С руками, сжатыми крестом.

Чугунная кукла — это, конечно, статуэтка Наполеона. Вместе с портретом Байрона она ясно характеризует героя — сына романтического века. Но Татьяне романтизм ещё не известен: она берёт в руки книги Онегина, желая лучше понять его, и начинает читать вслед за ним.

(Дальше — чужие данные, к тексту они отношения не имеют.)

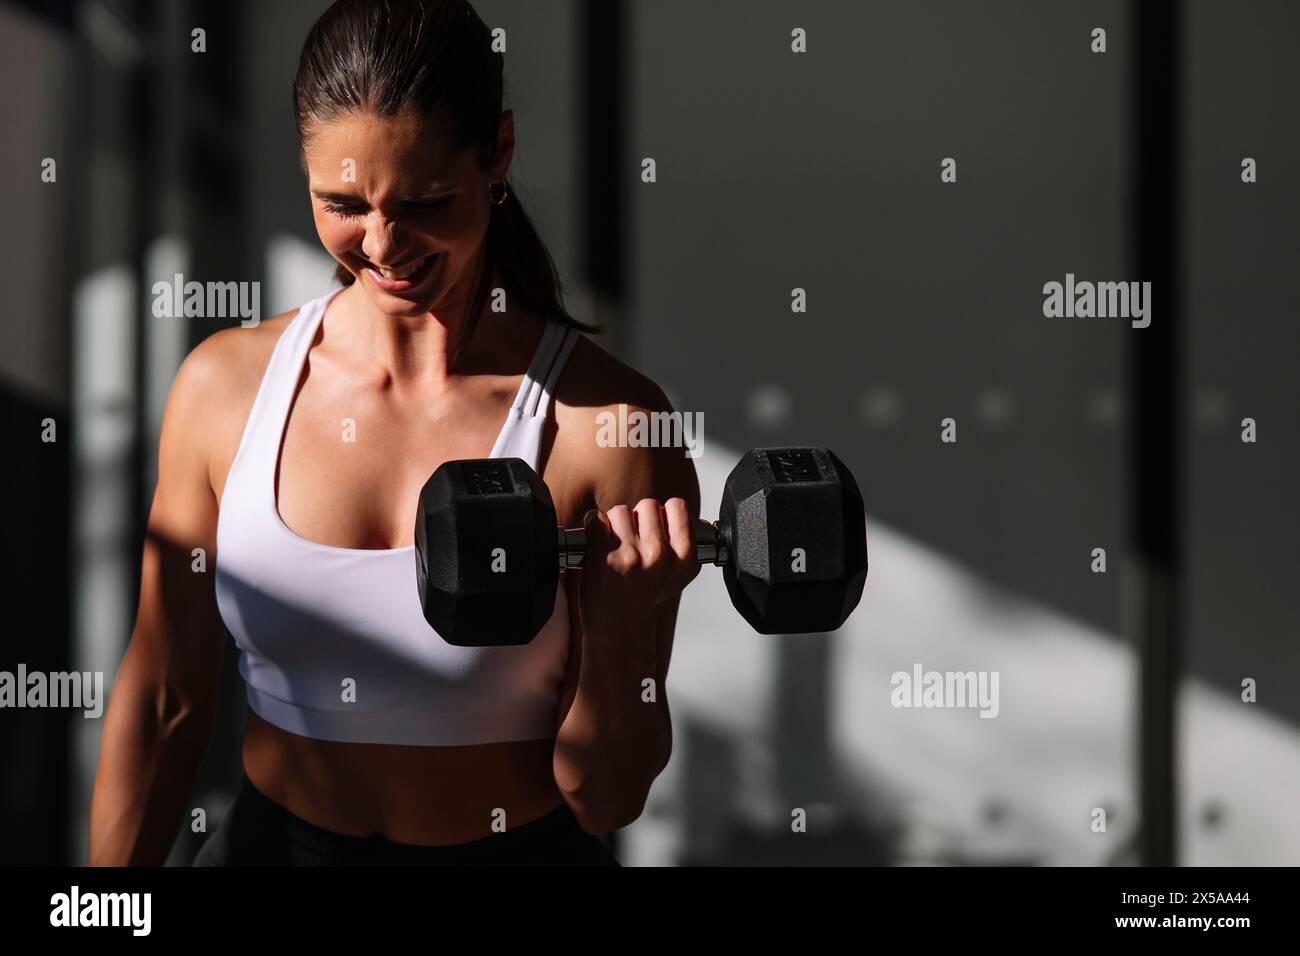 A focused athletic woman lifts weights at home, showcasing strength and dedication to fitness Stock Photo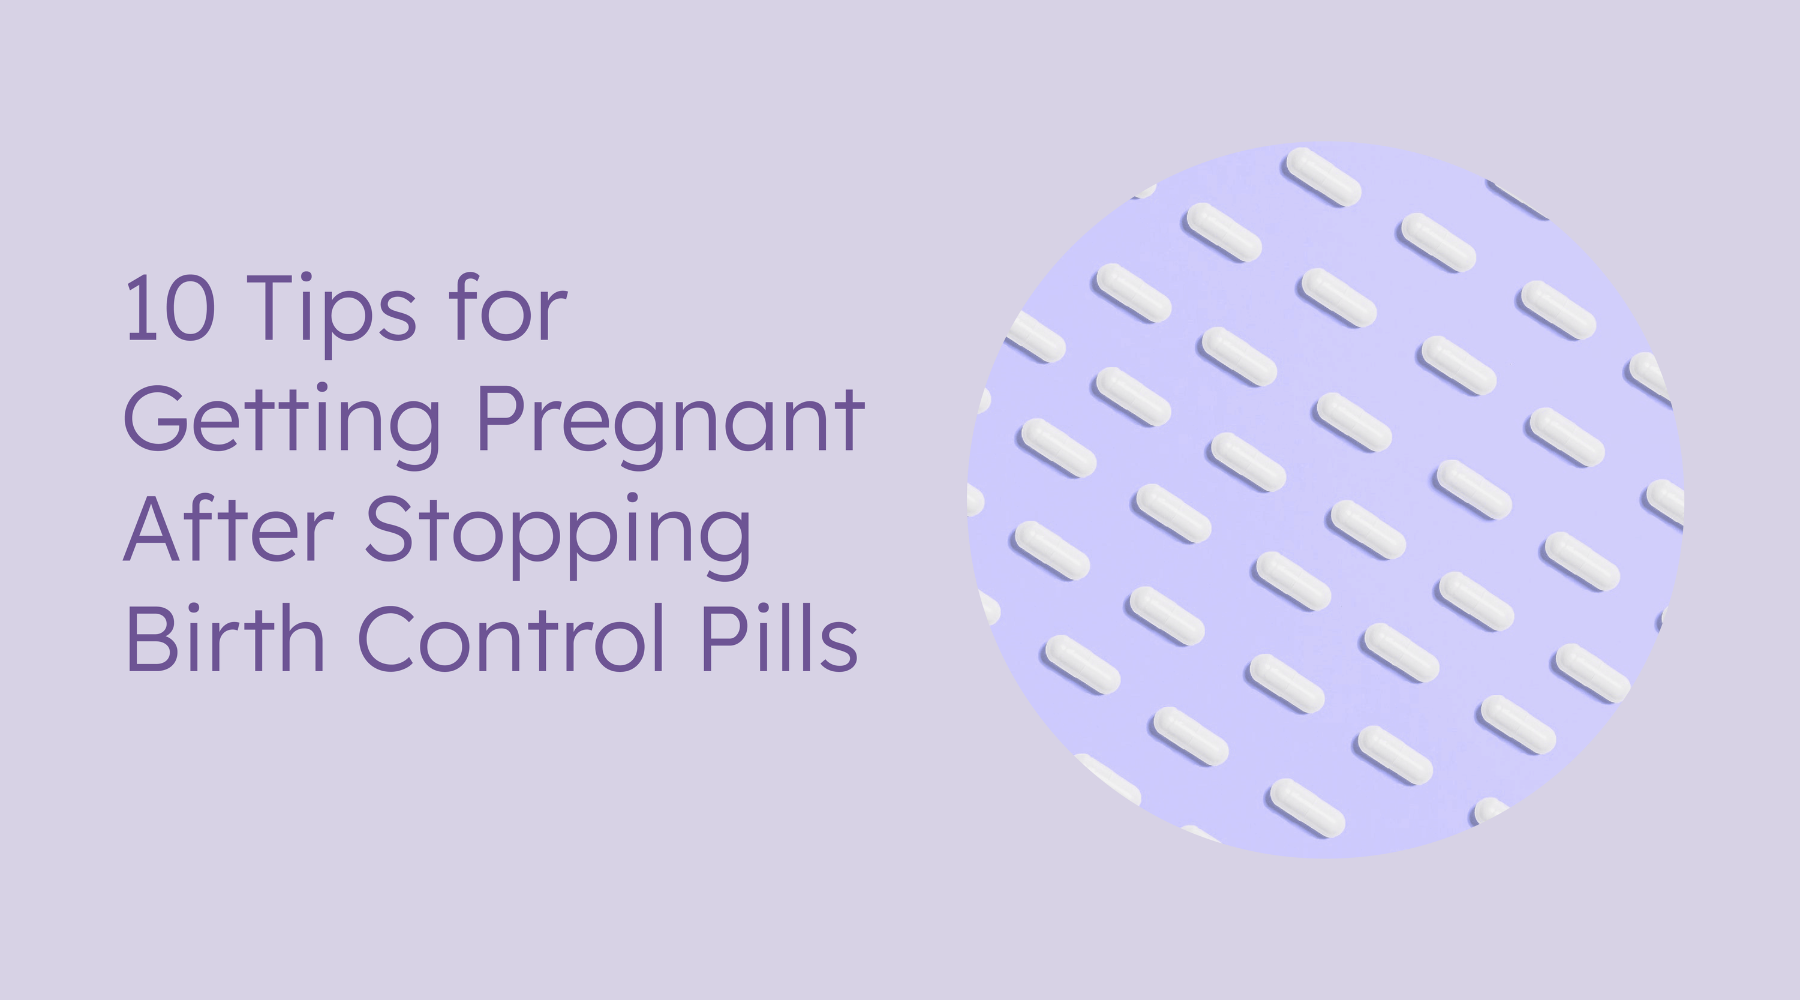 10 Tips for Getting Pregnant After Stopping Birth Control Pills

На страницах она видит материальные свидетельства того, что именно взволновало его в поэмах Байрона: 

Хранили многие страницы
Отметку резкую ногтей;
Глаза внимательной девицы
Устремлены на них живей. 

Одновременно Пушкин разворачивает в «Онегине» совсем другой материальный мир — он настолько непривычен для поэзии (о чём не стеснялись говорить читатели и критики романа), что автору приходится полушутя останавливать самого себя: «Тьфу! прозаические бредни, / Фламандской школы пёстрый сор!» В «Путешествии Онегина» Пушкин с явной иронией вспоминает романтические клише о крымских красотах — и противопоставляет им действительно «прозаическое» описание:

Иные нужны мне картины:
Люблю песчаный косогор,
Перед избушкой две рябины,
Калитку, сломанный забор,
На небе серенькие тучи,
Перед гумном соломы кучи
Да пруд под сенью ив густых,
Раздолье уток молодых;
Теперь мила мне балалайка
Да пьяный топот трепака
Перед порогом кабака.
Мой идеал теперь — хозяйка,
Мои желания — покой,
Да щей горшок, да сам большой.

К этой грубой деревенской идиллии Пушкин обращается не раз — и, разумеется, нарочно. В поэме «Граф Нулин» героиня отвлекается от устаревшего сентиментального романа, чтобы посмотреть за окно: там козёл дерётся с собакой, «Три утки полоскались в луже; / Шла баба через грязный двор / Бельё повесить на забор». Ну а в стихотворении «Румяный критик мой, насмешник толстопузый...» Пушкин — сидящий в карантине в Болдине — отвечает тем, кого «бытовой поворот» его поэзии не устраивает: 

Смотри, какой здесь вид: избушек ряд убогий,
За ними чернозём, равнины скат отлогий,
Над ними серых туч густая полоса.
Где нивы светлые? где тёмные леса?

Неприглядный пейзаж и безобразный быт не могут порождать романтических картин — зато демонстрируют их условность. Ну а реалистическое письмо, не чурающееся горшка щей и белья на заборе, становится такой опорой — не только для Пушкина, но и для его последователей. 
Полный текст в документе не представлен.